Standing Knee-Ups (Machine)

Performance Description
  1. Position the rotating pad slightly closer to the body based off a perpendicular position with the ground (depending on which leg is being exercised, this equates out to be 1-2 additional peg slots towards the body).
  2. Set the pad extension height to be just above the knee cap.
  3. Grip the stabilizer bar in front of the body and position the inside knee (knee closest to the machine) behind the pad while firmly planting the stationary foot.
  4. With the leg bent at the knee; raise the knee up and towards the chest as high as possible, inhaling as this motion is performed.
  5. Lower the leg back down to bring the pad perpendicular with the ground, while exhaling throughout the movement.
  6. Repeat steps 4-5 for as many repetitions as are desired then rotate the pad to opposite side and work the other leg.
Primary Muscle(s)
Thighs (Quadriceps: Rectus Femoris)
Secondary Muscle(s)
Buttocks (Gluteus Medius)
Hips (Tensor Fascia Lata)
Tertiary Muscle(s)
Hamstrings (Biceps Femoris: Long Head)
Hamstrings (Semitendinosus)
Further Clarification

The unique upward lifting motion required by standing knee-ups makes this an ideal exercise for athletes looking to increase their top speed.
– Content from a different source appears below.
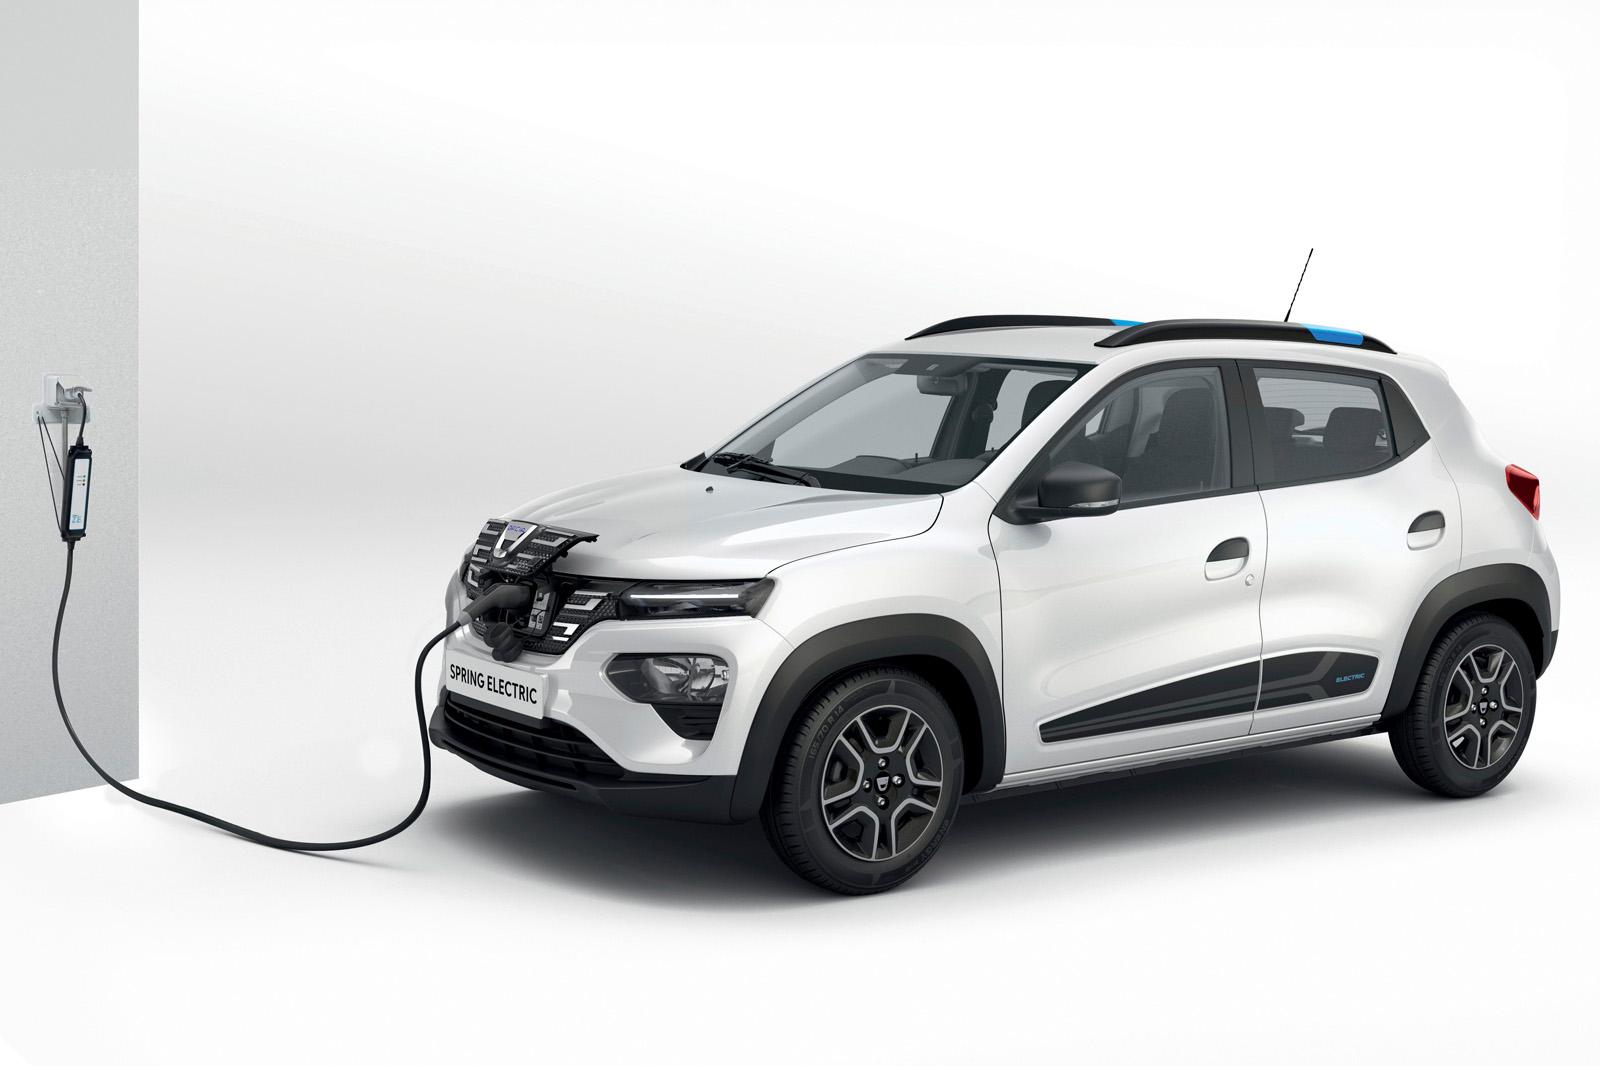 Хэтчбек Renault Kwid с бензиновым двигателем появился в Индии ещё в 2015-м. Через пару лет он добрался до Южной Америки, а год назад – уже с электромотором – появился в Китае как Renault City K-ZE. На очереди – европейский рынок: электрокар показан здесь под именем Dacia Spring.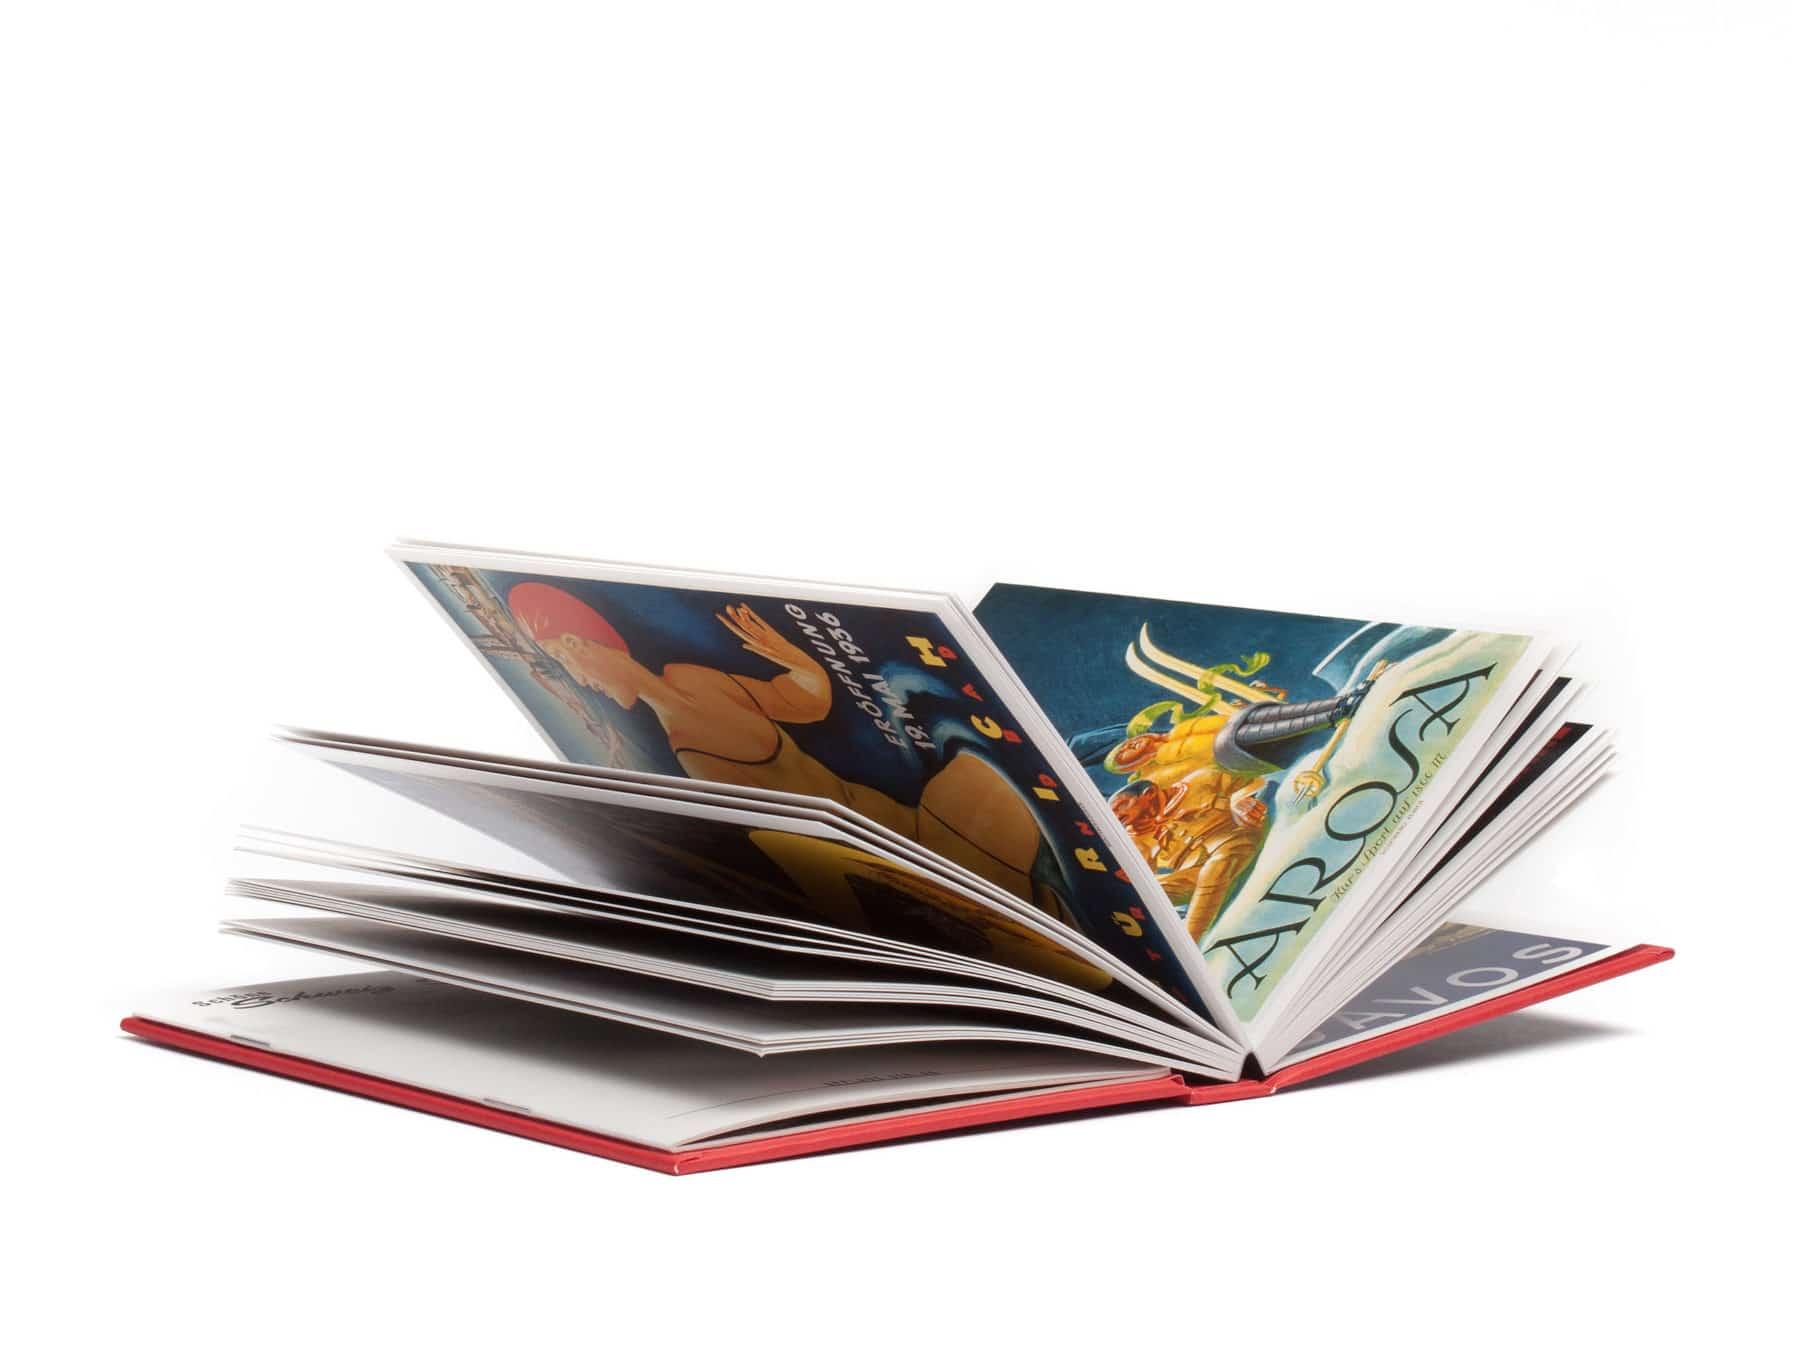 Postkarten kaufen Postkartenbuch Schoene Schweiz AT Verlag alte Postkarten historische Plakate Schweiz KURTS.ch

This lifting motion is essential to any form of bipedal locomotion.

Keeping the knee bent throughout the motion forces the hamstrings to fire. While this exercise does not target them directly, they can be used throughout the motion of the exercise.

Things To Look Out For

The stabilizer bars are not meant to be pulled on or pressed against. Doing so can nullify the benefits from performing this exercise properly.

Be sure that the leg not in use (stationary foot) is planted far enough away from the pad as to not interfere with the path of the pad moving up and down.